Tags: #Intriga, #Policíaco, #Thriller

Bajo el hielo (13 page)

—El hijo del parado.

—Sí.

—El eslabón débil.

—Esa gente me da ganas de vomitar —dijo Espérandieu.

Tenía una voz lánguida y juvenil. A causa de ella y de su tendencia algo amanerada, algunos compañeros sospechaban que no se interesaba solo por las mujeres, aunque fueran tan guapas como la suya. El propio Servaz se planteó la cuestión cuando se integró en el servicio. Vincent Espérandieu tenía unos gustos en materia de ropa que ponían los pelos de punta a ciertos hombres de cromañón de la brigada, los que consideraban que un policía digno de tal nombre debía exhibir todos los atributos de la virilidad y del machismo dominantes.
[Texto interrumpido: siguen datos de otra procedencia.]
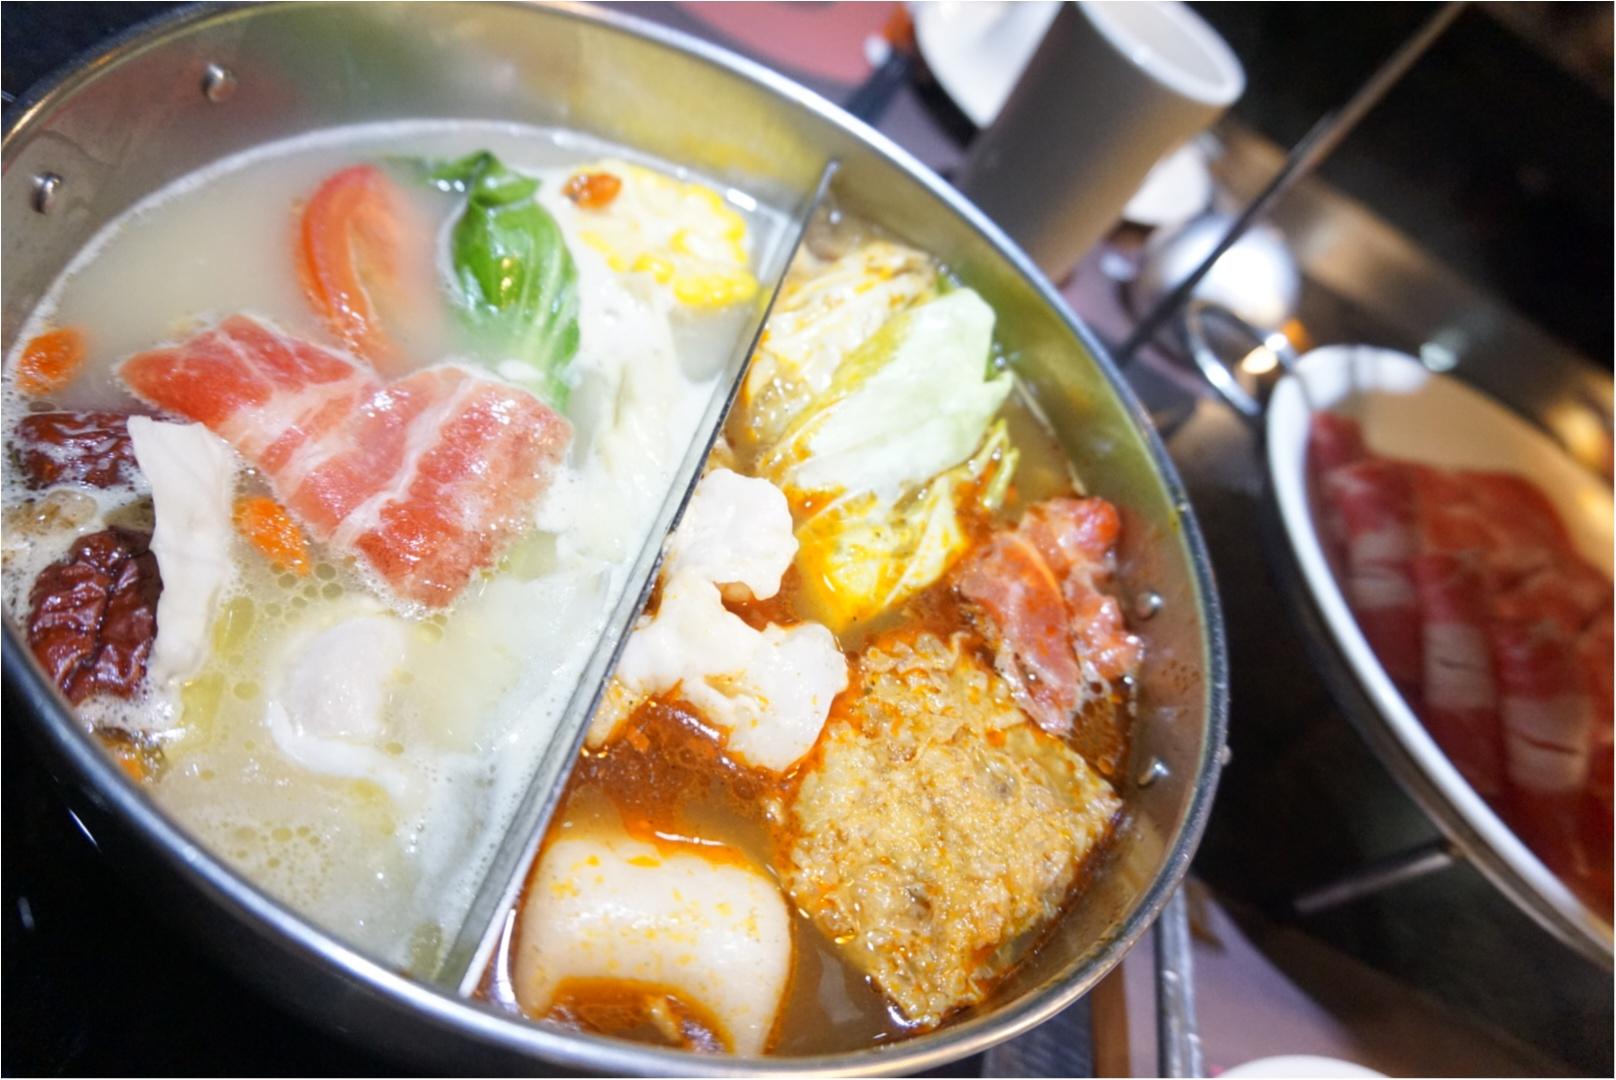 ☺︎♡台湾。1人旅行!完全自分好み!1人でも食べに行ける!友達とでもおすすめな火鍋屋さん!_2

La vida había sonreído a Espérandieu. A los treinta años, se había casado con un buen partido y tenía una preciosa hija de cinco años… la que iluminaba con su sonrisa la pantalla de su ordenador. Servaz había congeniado enseguida con su subordinado, que lo había invitado a cenar media docena de veces en los dos años que llevaba en la brigada. En cada ocasión había quedado deslumbrado por el encanto y el ingenio de la señora y la señorita Espérandieu. Ambas habrían podido figurar en las portadas de revistas, en anuncios de dentífricos, de viajes o de vacaciones en familia.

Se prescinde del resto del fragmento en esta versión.